I've been reading this book to our boys (9 and 12), and this is I think the first time they've ever been able to understand why math might be interesting. (Sadly, thanks to our elementary school curriculum from time immemorial, elementary school math is nothing more than arithmetic.)

I stumbled on this book years ago, and I loved it because it was such a beautiful presentation of some rather interesting math--especially for somebody who loved Sherlock Holmes. On a whim, I decided to see if our boys could learn anything from it. I was very surprised to find that my boys seemed to like it, and keep asking for more--they liked it better than the original Sherlock Holmes stories. Apparently this book is good not only for people who like a beautiful presentation of things they already know, but also for people who don't know the stuff yet. ( )

Light probability reading.

Holmes fans will welcome this extension of Holmes' powers into the probabilistic and game-theoretic domain. Sherlock Holmes enters the domain of probability and game theory with panache, tackling well-loved favorites such as the gambler's fallacy, the birthday paradox, the Monty Hall problem, Prisoner's Dilemma, independent versus dependent events, and martingales. Holmes fits well into the paradigm--after all, isn't Holmes' well-loved saying, "Once you have eliminated the impossible, whatever remains, however improbable, must be the truth", just another way of stating conditional probability?

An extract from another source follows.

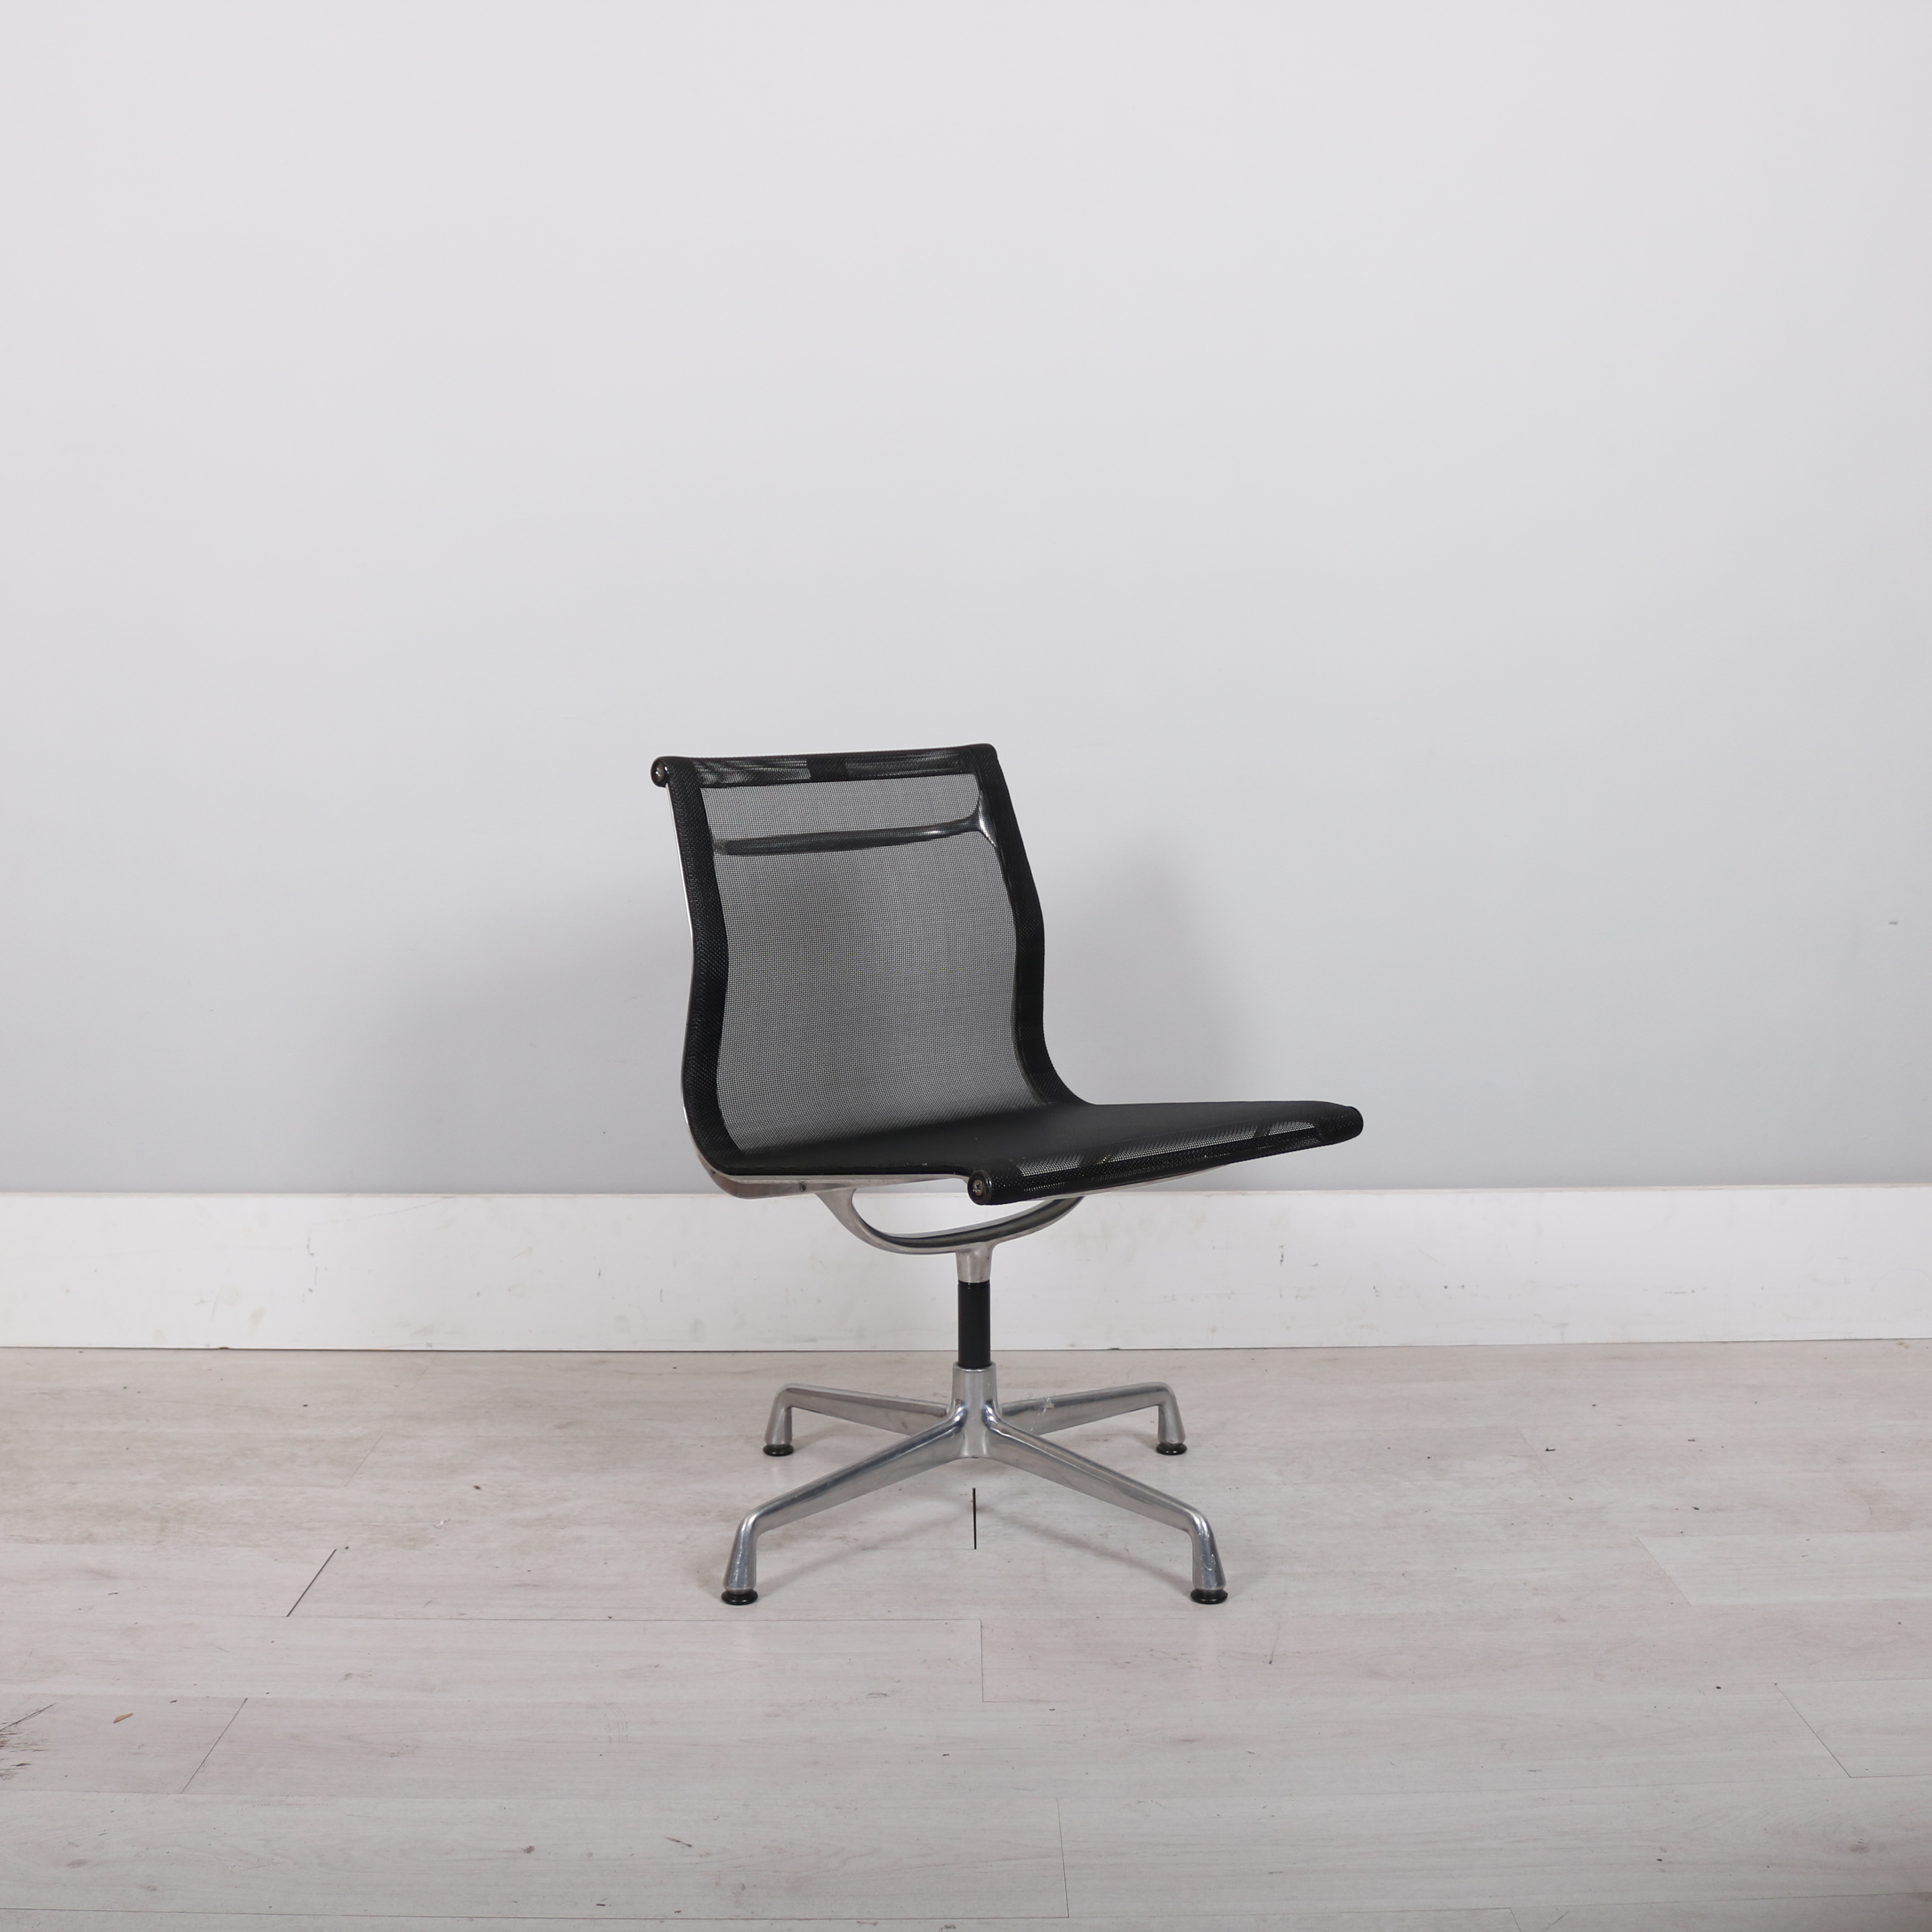 vitra charles ray eames ea105 studiomodern. Black Bedroom Furniture Sets. Home Design Ideas

The tales are colourful and entertaining, and the mathematical content is kept at a very low and informal level. The book seeks to provide an intuitive understanding of probability in an entertaining way. Typically, each story contains several instances of the same mathematical fallacy or concept to provide different viewpoints of the problem, and Holmes explicitly points out these connections to Watson (and the reader). Although entertainment is definitely the goal of the stories, rather than rigourous mathematical knowledge, even those who have encountered the material more formally may pick up a new perspective. For example, the rather unintuitive Arrow's Theorem is deftly described, both in terms of aspiring musicians seeking a scholarship and a coin game--with the coin game additionally demonstrating a case with a purely dominant strategy for the second player.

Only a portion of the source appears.